Brave New World: EU Mandatory Disclosure Rules for Cross-Border Arrangements

With the objective of helping the tax authorities of European Union Member States detect new forms of tax avoidance, the Council of the European Union has introduced new amendments to one of the EU’s directives on administrative cooperation (Directive 2011/16/EU).  The amendments, known as DAC 6, focus on the mandatory automatic exchange of information in relation to “reportable cross-border arrangements,” which are transactions and tax arrangements that are considered by the EU to be “potentially aggressive.”
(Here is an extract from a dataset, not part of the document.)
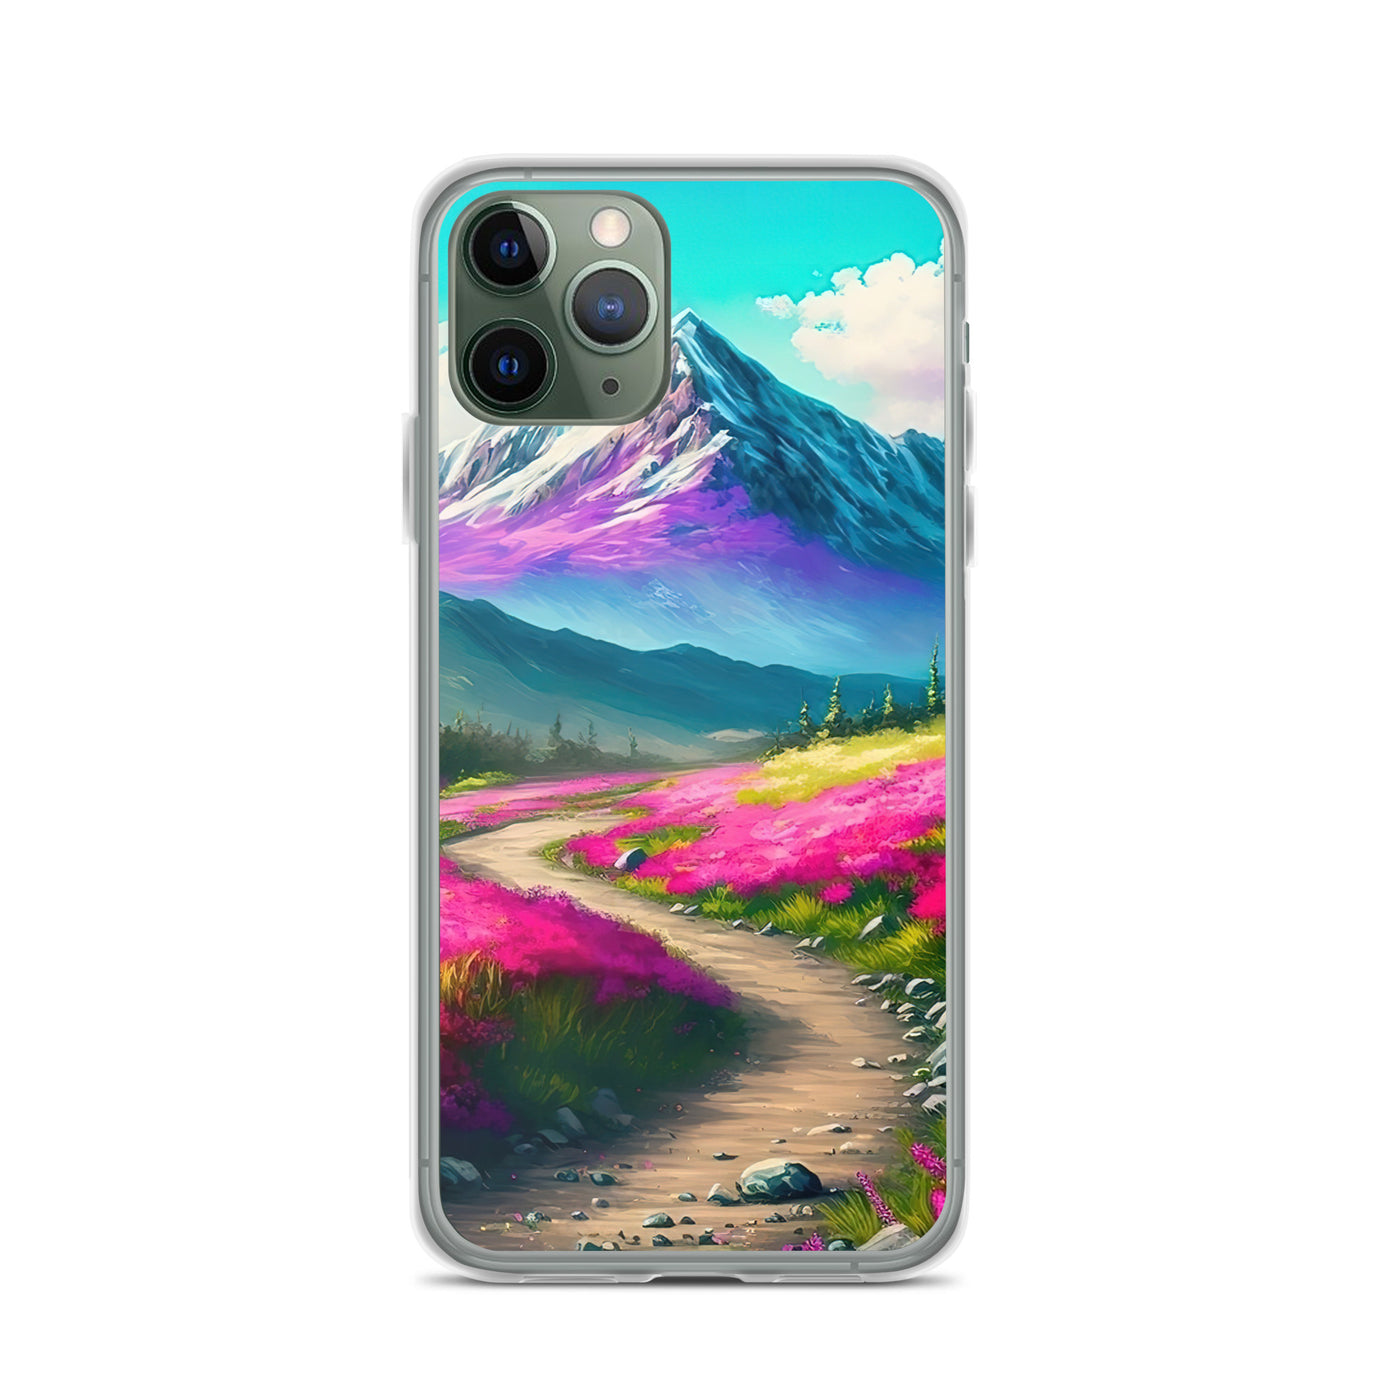 Berg, pinke Blumen und Wanderweg - Landschaftsmalerei - iPhone Schutzhülle (durchsichtig) berge xxx iPhone 11 Pro

To politicians within the EU Member States, and perhaps many EU voters, the DAC 6 rules might, at first sight, look reasonable.  They have been designed by the EU Commission as an early warning mechanism against new forms of tax avoidance.  DAC 6 builds on similar legislation which is in existence in the United Kingdom regarding the disclosure of tax avoidance schemes, known as the “DOTAS” rules.  As noted below, however, the Directive reaches further and with greater potential for disruption than the UK DOTAS rules.

The burden of disclosing reportable cross-border arrangements which are within the scope of DAC 6 falls on “intermediaries” which have an EU nexus.  An intermediary will have an EU nexus in a number of circumstances which include being incorporated or resident in an EU Member State, and where the intermediary has a permanent establishment in a Member States through which services are rendered.  If there are no qualifying intermediaries which can report under DAC 6, the disclosure obligation will shift to the relevant taxpayer in the arrangement.  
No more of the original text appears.